Die kleine Öffnung des Herds ist nach Osten, der Seite der Frau bzw.
"Feuerhüterin" "Herrin des Hauses" ausgerichtet. Oberhalb des Herds steht ein niedrigerer Esstisch.
Der Platz hinten in der Mitte, "Kopf der Jurte", ist ebenso heilig wie die Mitte selbst. Es ist ein Ort, wo auf einem Truhe die heilige Statue von Buddha oder Bilder von nahestehenden Menschen stehen. Wer bei einer Jurten-Familie übernachtet, sollte man darauf achten, dass man sich nicht mit dem Füßen Richtung Hausalter auf den Boden legt.

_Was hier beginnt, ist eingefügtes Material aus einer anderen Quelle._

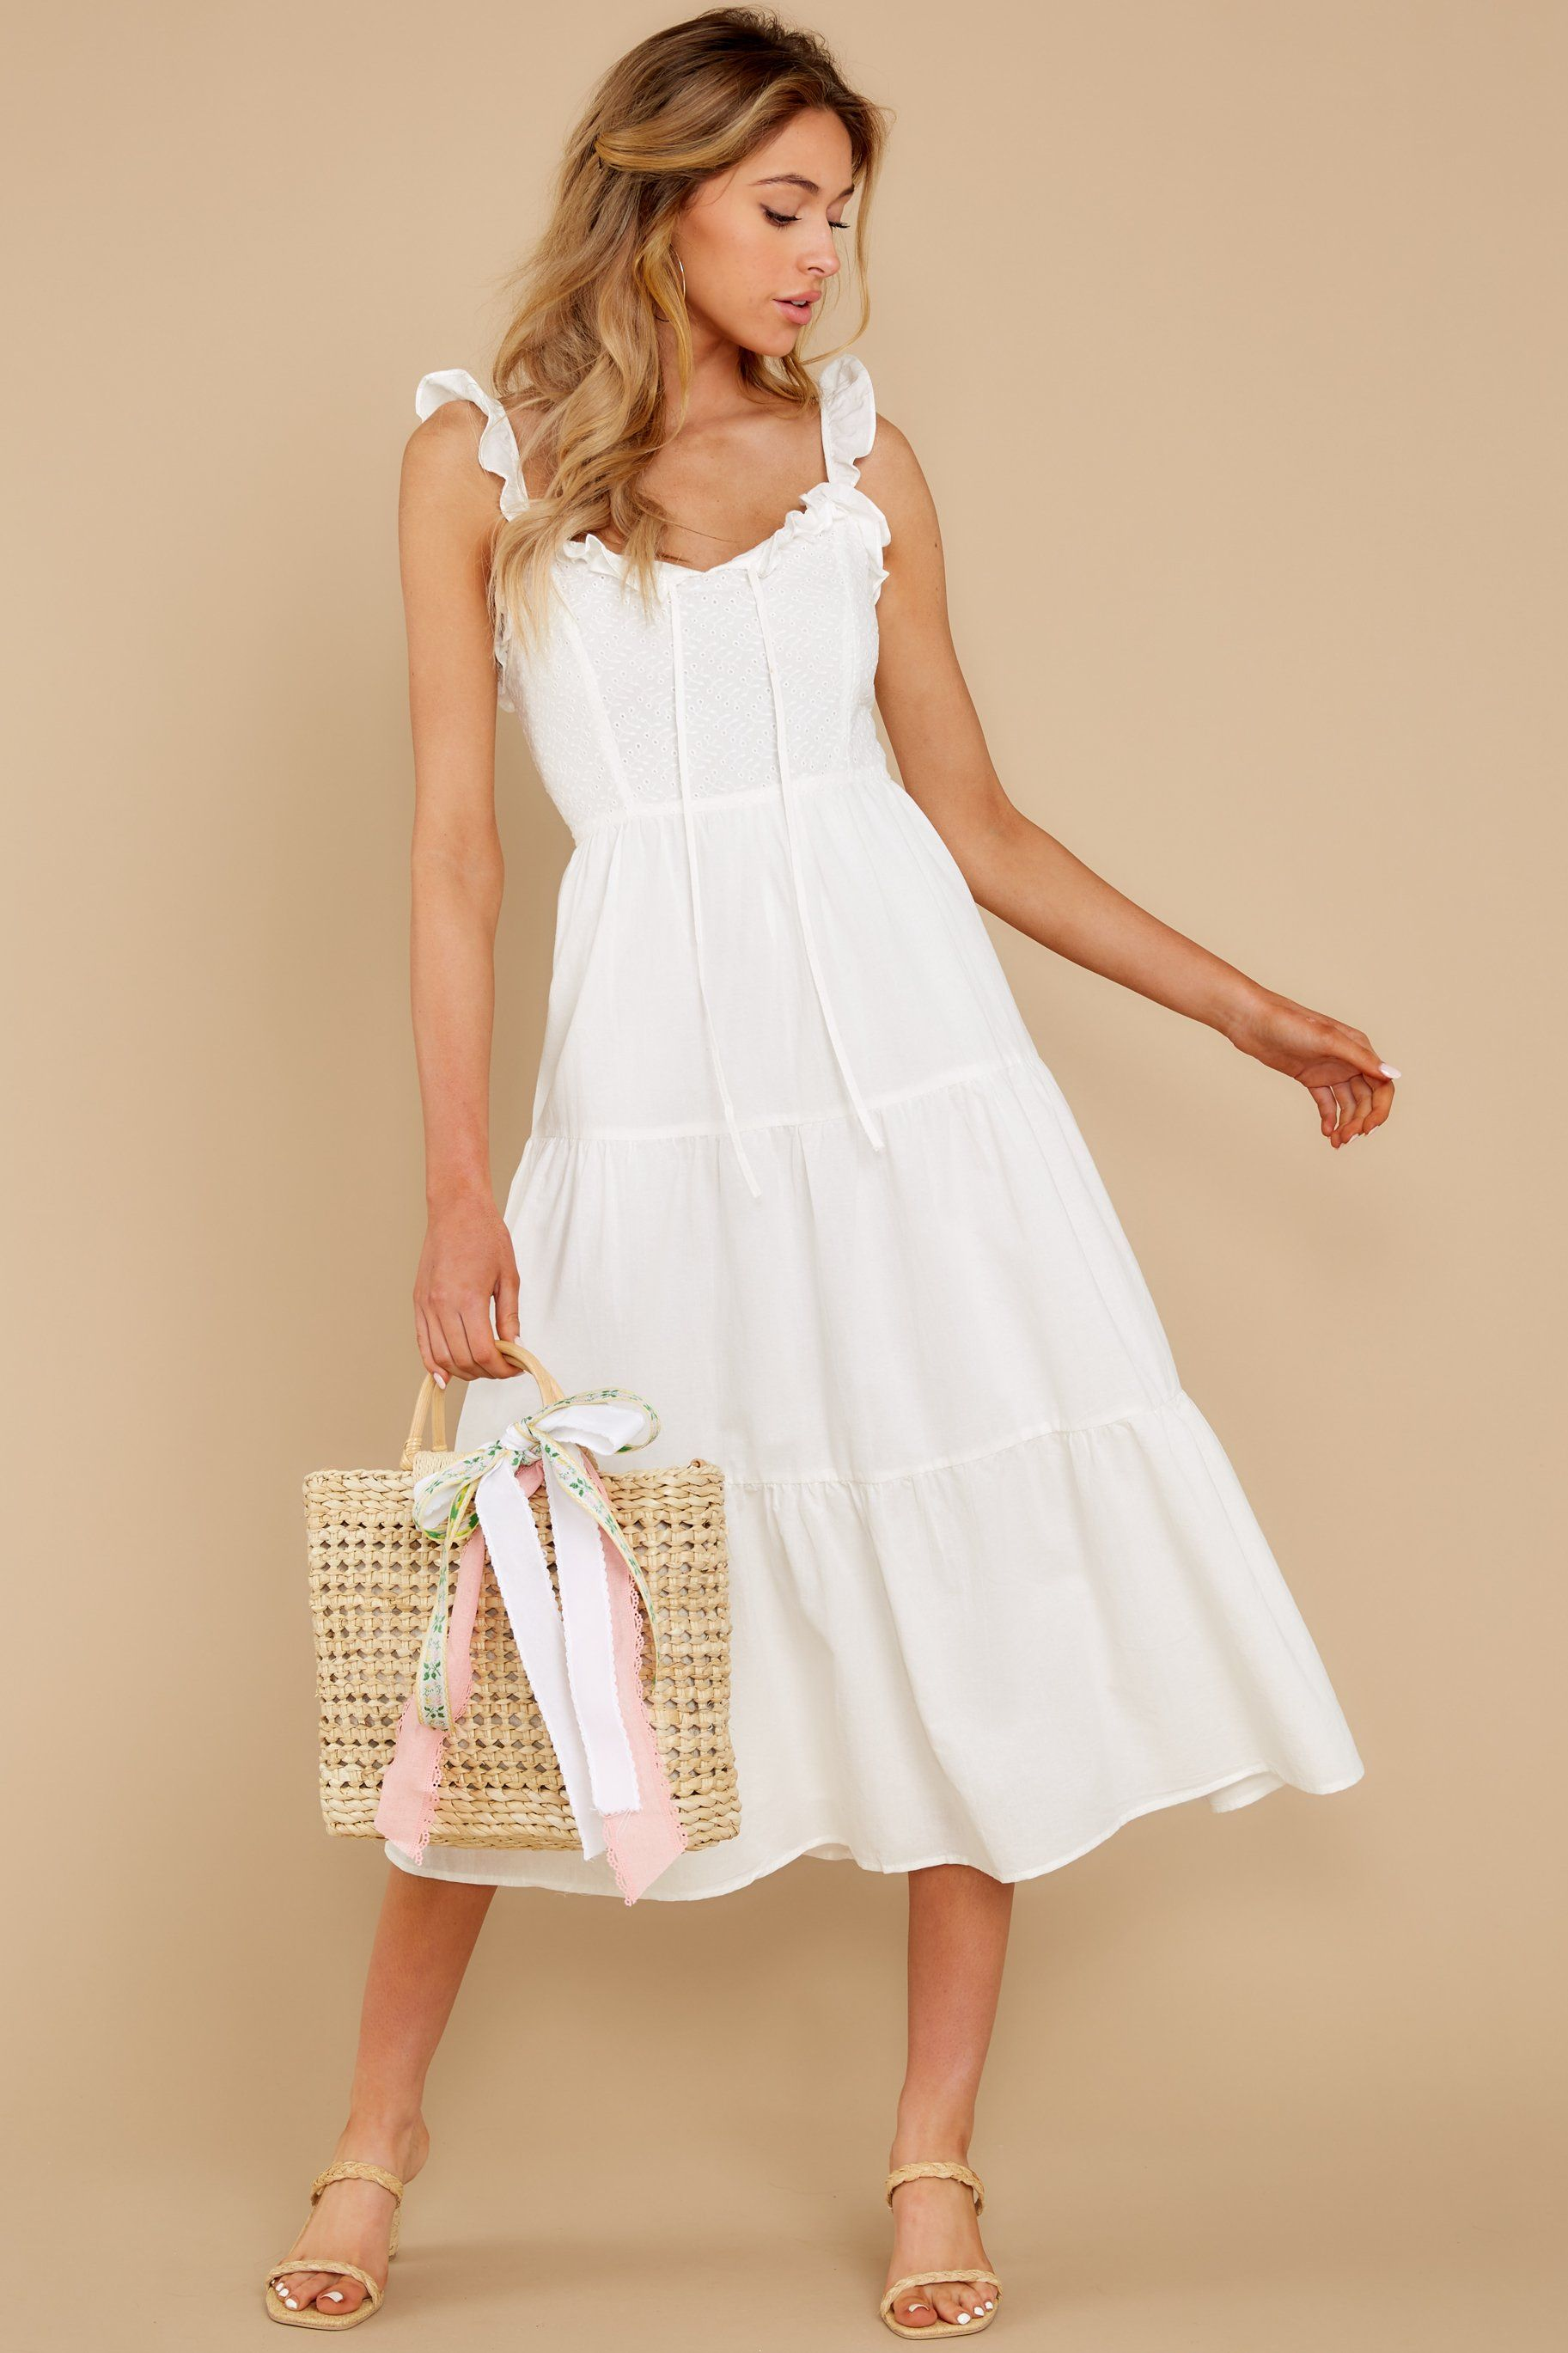 Angelic White Dress Eyelet Detail Ruffle Midi Dress Dresses 48 Midi Dress Red Dress Boutique Dresses [ 2738 x 1825 Pixel ]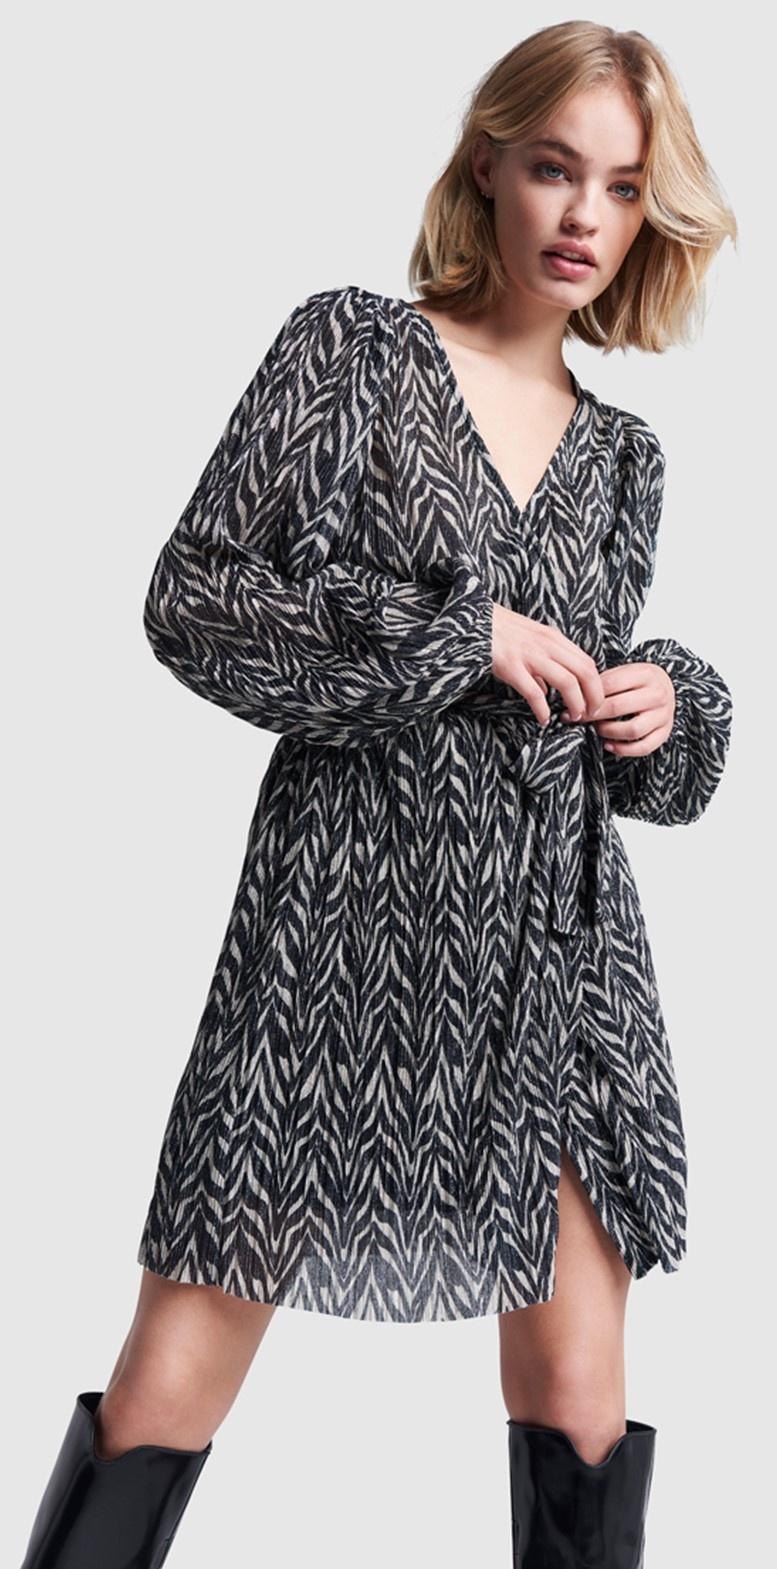 Jurk ladies knitted zebra lurex dress black-5

Wer eine Jurte betritt, sollte aufpassen, dass er nicht auf die Schwelle der Tür tritt:
Das verärgert die Steppen-Geister, bringt der Familie Unglück.
In der linken hinteren Ecke steht meistens Familienbett der Eltern, also die Familienseite. Der linke mittlere Platz ist der Tätigkeitsbereich der Frau, wo sie im Alltag während des Kochens und Nähens aufhält. Auf dem vorderen linken Platz stehen die Küchengeräte: Schüsseln, Tassen, Töpfe, Eimer mit Wasser usw. Gegenüber, an der vorderen rechten Seite,
arbeitet der Hausherr.
Hier stehen Sattel, Zaum, Sichel usw.
Bei einem sehr kalten Winter bringt man die neugeborenen Kleintiere auch in diesen Platz. In die rechte hintere Ecke stellt man die Truhe (mong: awdar ), wo man die Kleider und das Hab und Gut der Familie aufbewahrt.